234 people executed during Perry’s governorship. That’s equal to more than a third of the small town population where I grew up. I sit here imagining every third house in the northwoods having the hearse pull up.

It seem odd that some politicos say they are pro life and pro death as though in a schizoid fugue…. but not prolife if it is x kind of human being, vs this other kind of human being y.

Alright that the old men send the young to die in wars. Alright to kill those who may have or did take someone else’s life.

Alright to let people die if they cant afford a kidney transplant. Ok to kill peope who might be innocent with an ‘oh well, whatever.’

Alright to keep a brain dead woman who has lain inert for years, alive ad infinitum.

Alright to insist every zygote be brought to fruition.
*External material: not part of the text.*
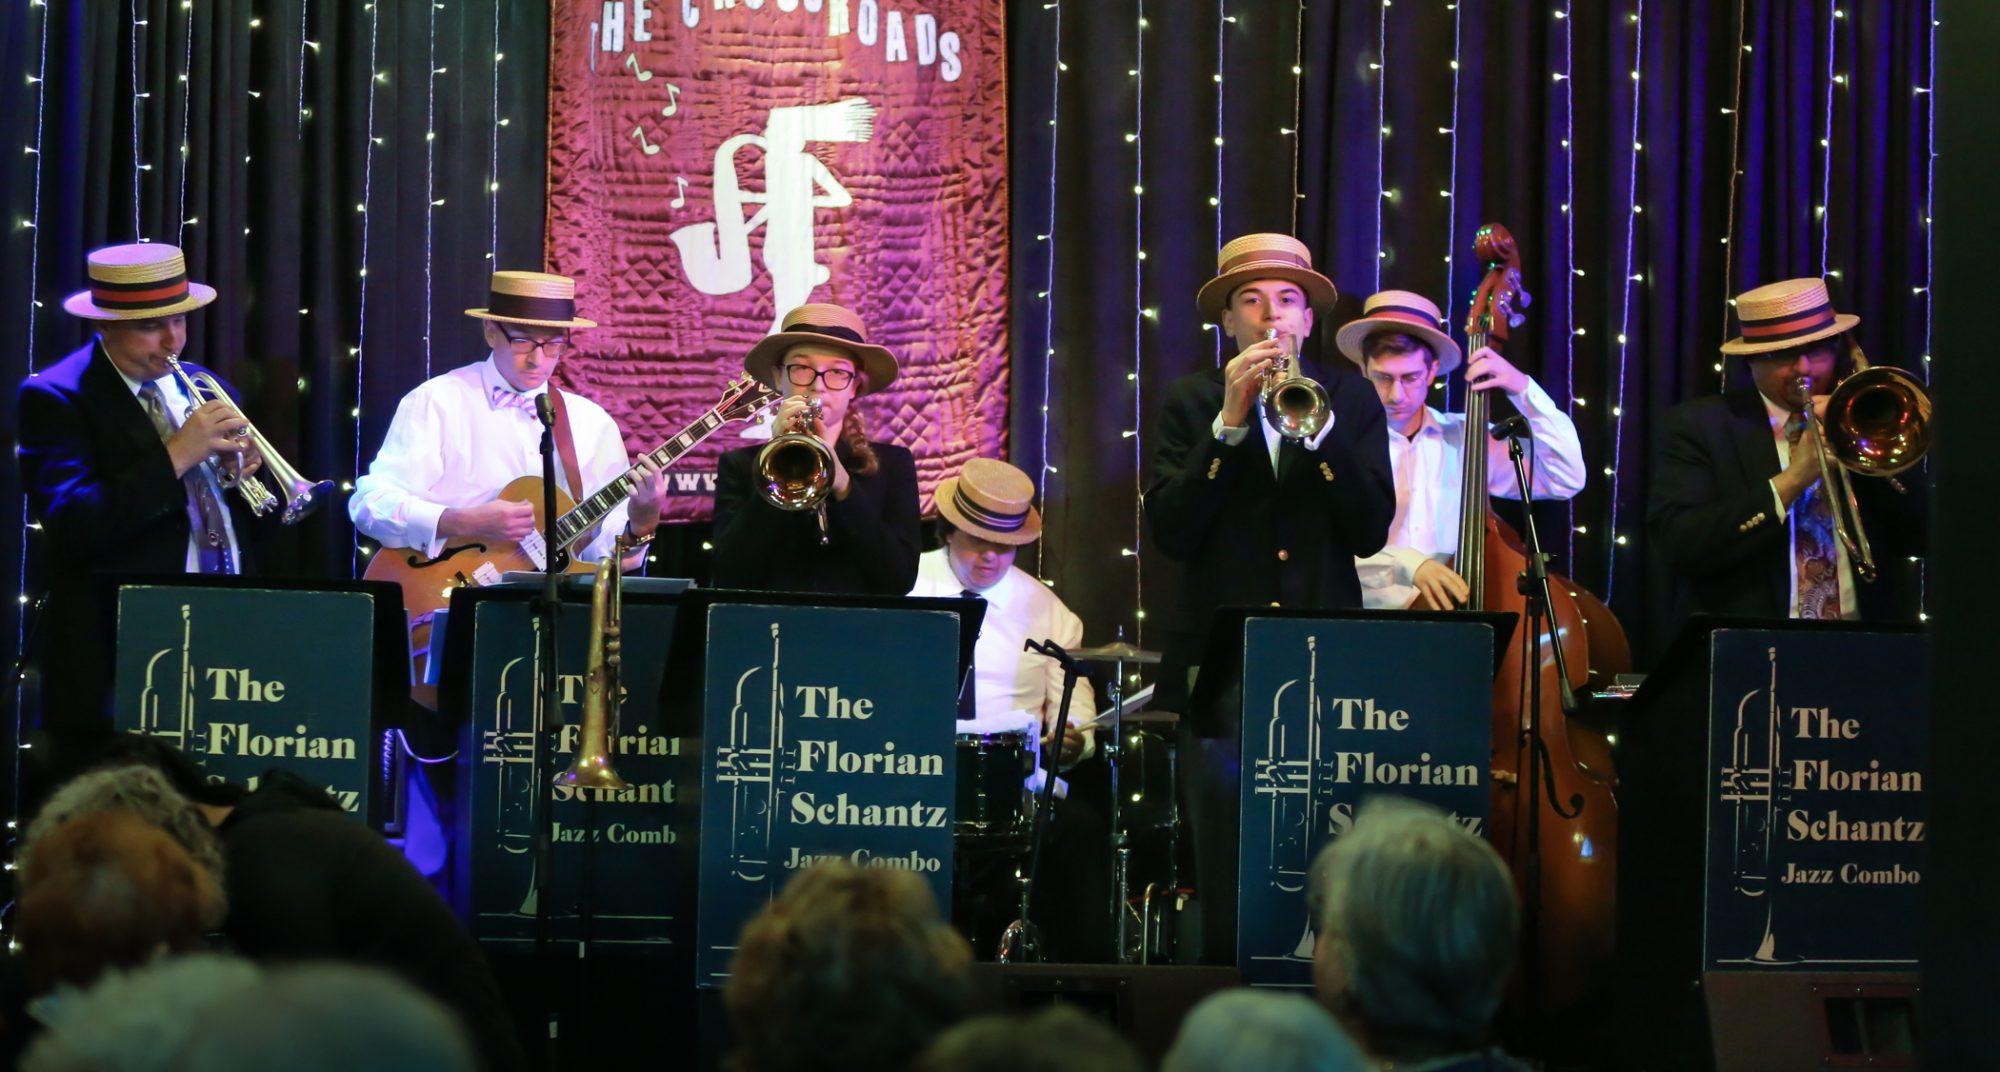 Florian Schantz Jazz Combo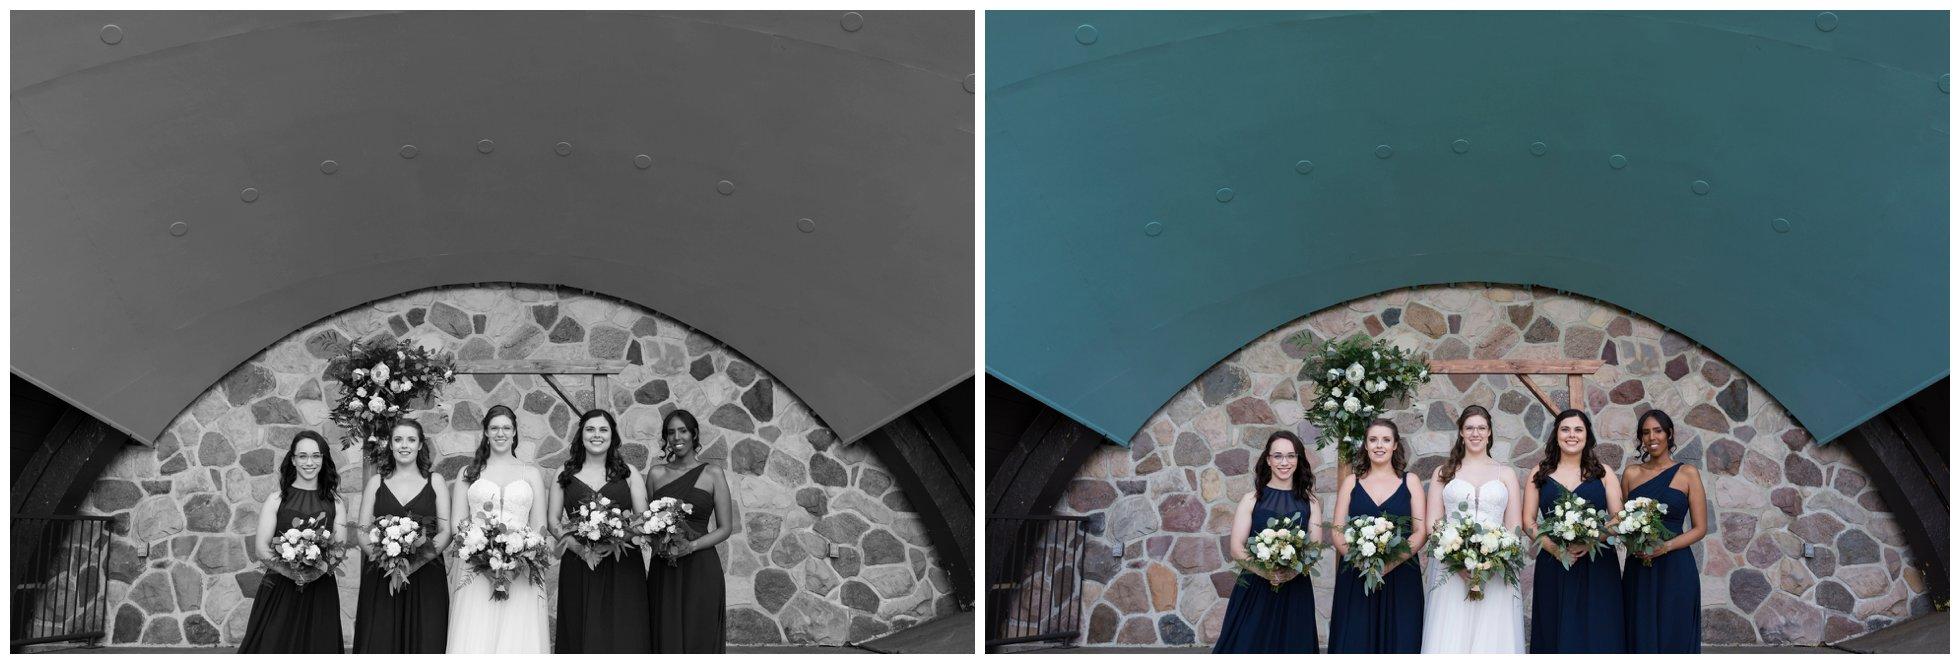 Emily and Royden Edmonton Wedding (Life by Selena Photography)_0027.jpg

Alright to allow children to grow up in hell where likelihood of reaching adulthood is slim and liklihood of being murdered is high.

Alright to spend the money and take to time to travel to Africa and encourage legislation that would convict and execute persons who are homosexual.

I’d only say, if life is precious, then all human beings are precious. Not cherry picking according to personal preferences.

Rick Perry says the word Justice Justice Justice alot. It reminds me of a biblical verse about the hypocrite running around averring “Peace peace peace!!!” but those under the thumb of the ruling junta are given NO peace whatsoever.

I remember long ago sitting through emergency service classes, overhearing joking by some about saving first the beautiful young woman and leaving the middle aged paunchy guy til last. One wonders if to some that’s more than a joke.

Triage is serious and respectful regard in the extreme for human life. You save who is bleeding to death first, and the one who has a common cold waits til all those most afflicted are stabilized. But ALL are tended to with heightened attention.

Deciding who is worthy to live based on a justice principle that has no parity with decency, with understanding… (understanding is different than asserting knowledge)… seems to be weighing fairness, honesty, justice and remediation on a scale with only one dish, and half the incremental weights missing. So that anything weighed thusly is crowed over as ‘fair weight’ when in fact regarding the sanctity of life, it is a false read out.

Between being pajama buddies with Merck that manufactures a hugely profitable prophylactic drug given to young girls to ward off uterine cancer if/ when they develop a sexually transmitted disease somewhere in life that might cause eventual cancer in some… and pushing that vaccine made by buddy Merck that now appears then to be paid back to Perry in dollars for his eternal and infernal re-election campaign…

between what appears to be another grotesque conflict of interest with Perry interfering with a forensics panel… I believe we will see Perry on the defensive more and more, for he cannot undo what he has done, and the last thing Perry wants is to be found complicit in executing an innocent man… or being exposed as having his arm around one girl (the young women he pushes vaccinations on to prevent HPV) and his other arm around his other girlfriend, Merck.

CODA
Elijah Sweete and I have both covered this case at TMV, in earlier posts, specifically Perry’s odd and seeming manipulative replacement of 1/3 of the commission members who were inquiring about the Cameron Willingham case when issues were raised about his innocence.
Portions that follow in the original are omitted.